I'm watching the first MIT OCW 18.01 lecture. In this lecture, the lecturer gives a treatment of finding the derivative for $f(x) = \frac{1}{x}$. He presents this interstitial step $$\frac{\Delta f}{\Delta x} = \frac{\frac{1}{x_0+\Delta x} - \frac{1}{x_0}}{\Delta x}$$ and simplifies it to $$\frac{\Delta f}{\Delta x} = \frac{1}{\Delta x}\left(\frac{x_0 - \left(x_0 + \Delta x\right)}{\left(x_0 + \Delta x\right)x_0}\right)$$.
He explains the simplification as factoring out the $\frac{1}{\Delta x}$ from the denominator and then multiplying the resulting denominators $x_0 + \Delta x$ and $x_0$ to obtain the denominator $\frac{x_0 - \left(x_0 + \Delta x\right)}{\left(x_0 + \Delta x\right)x_0}$ and then "figuring out what the numerator had to be". It's not clear to me how the numerator in this case would be anything other than $-1$; indeed, after some simplification, he ends up with $\frac{\Delta f}{\Delta x} = \frac{-1}{x^2}$.
What are the steps involved in simplifying the numerator in this expression, and what am I missing here?
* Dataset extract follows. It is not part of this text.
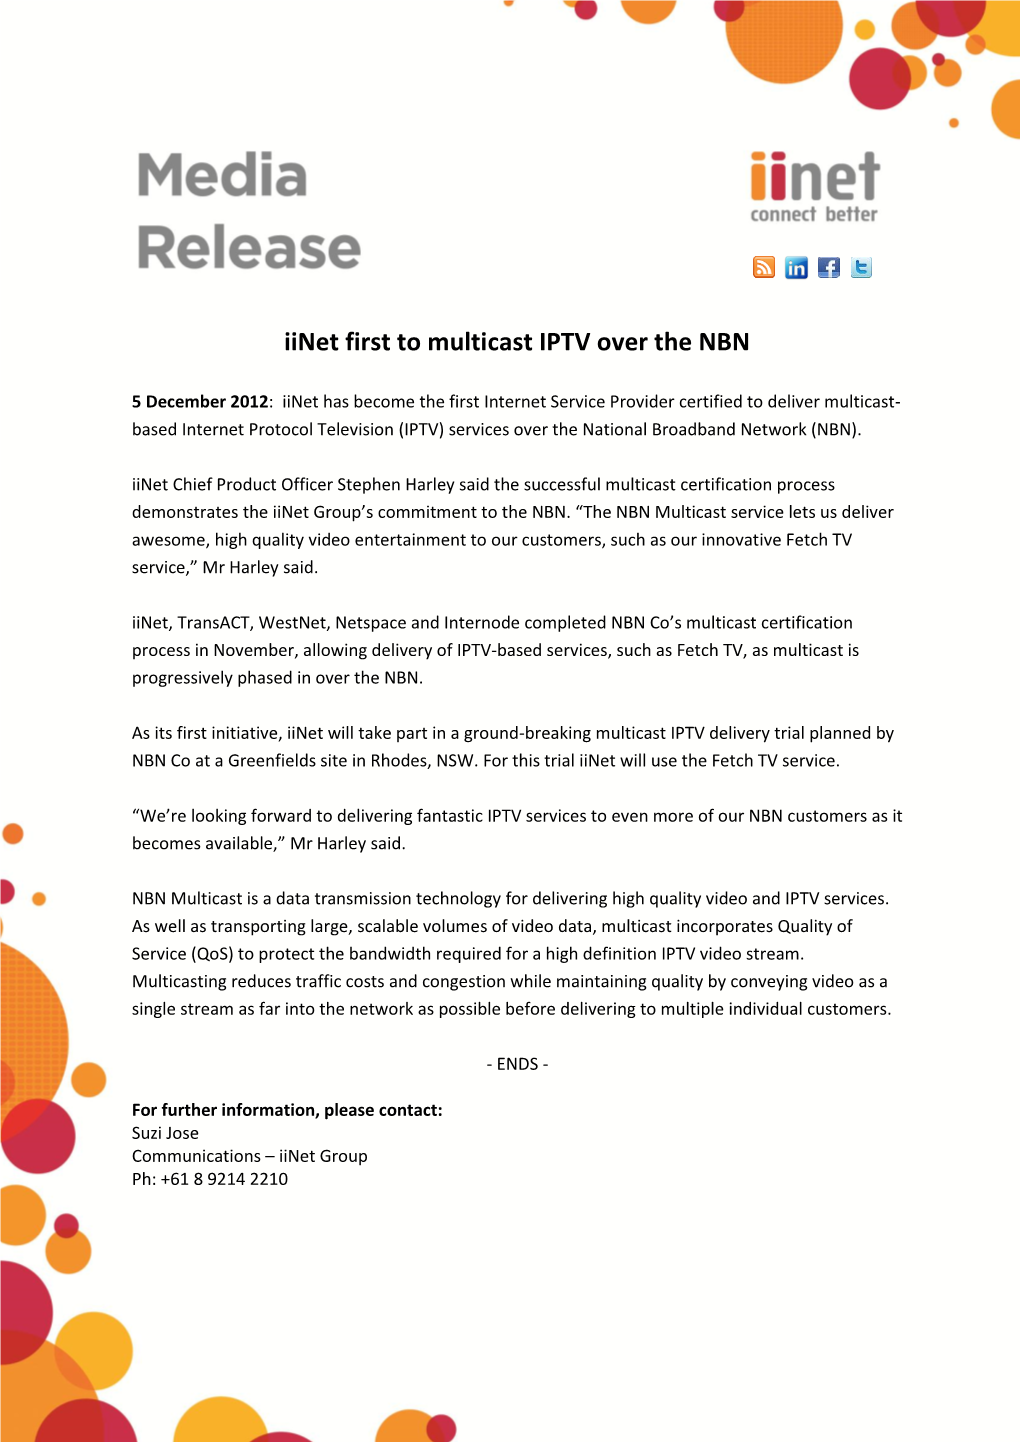 Iinet First to Multicast IPTV Over the NBN

To try to be more clear, I understand that ultimately the numerator cancels to be $-1$. I understand the power rule and how to use it to short-circuit round the step by step procedure. What I am not clear on is how, in the intermediate step, the numerator is an expression involving $x_0$ and $\Delta x$. How did this come up? Where does it come from?
I am not completely clear on what you are asking, but the numerator $x_0-(x_0+\Delta x)$ comes from this: $$\frac{1}{x_0+\Delta x} - \frac{1}{x_0}=\frac{x_0}{x_0(x_0+\Delta x)}-\frac{x_0+\Delta x}{x_0(x_0+\Delta x)}=\frac{x_0-(x_0+\Delta x)}{x_0(x_0+\Delta x)}$$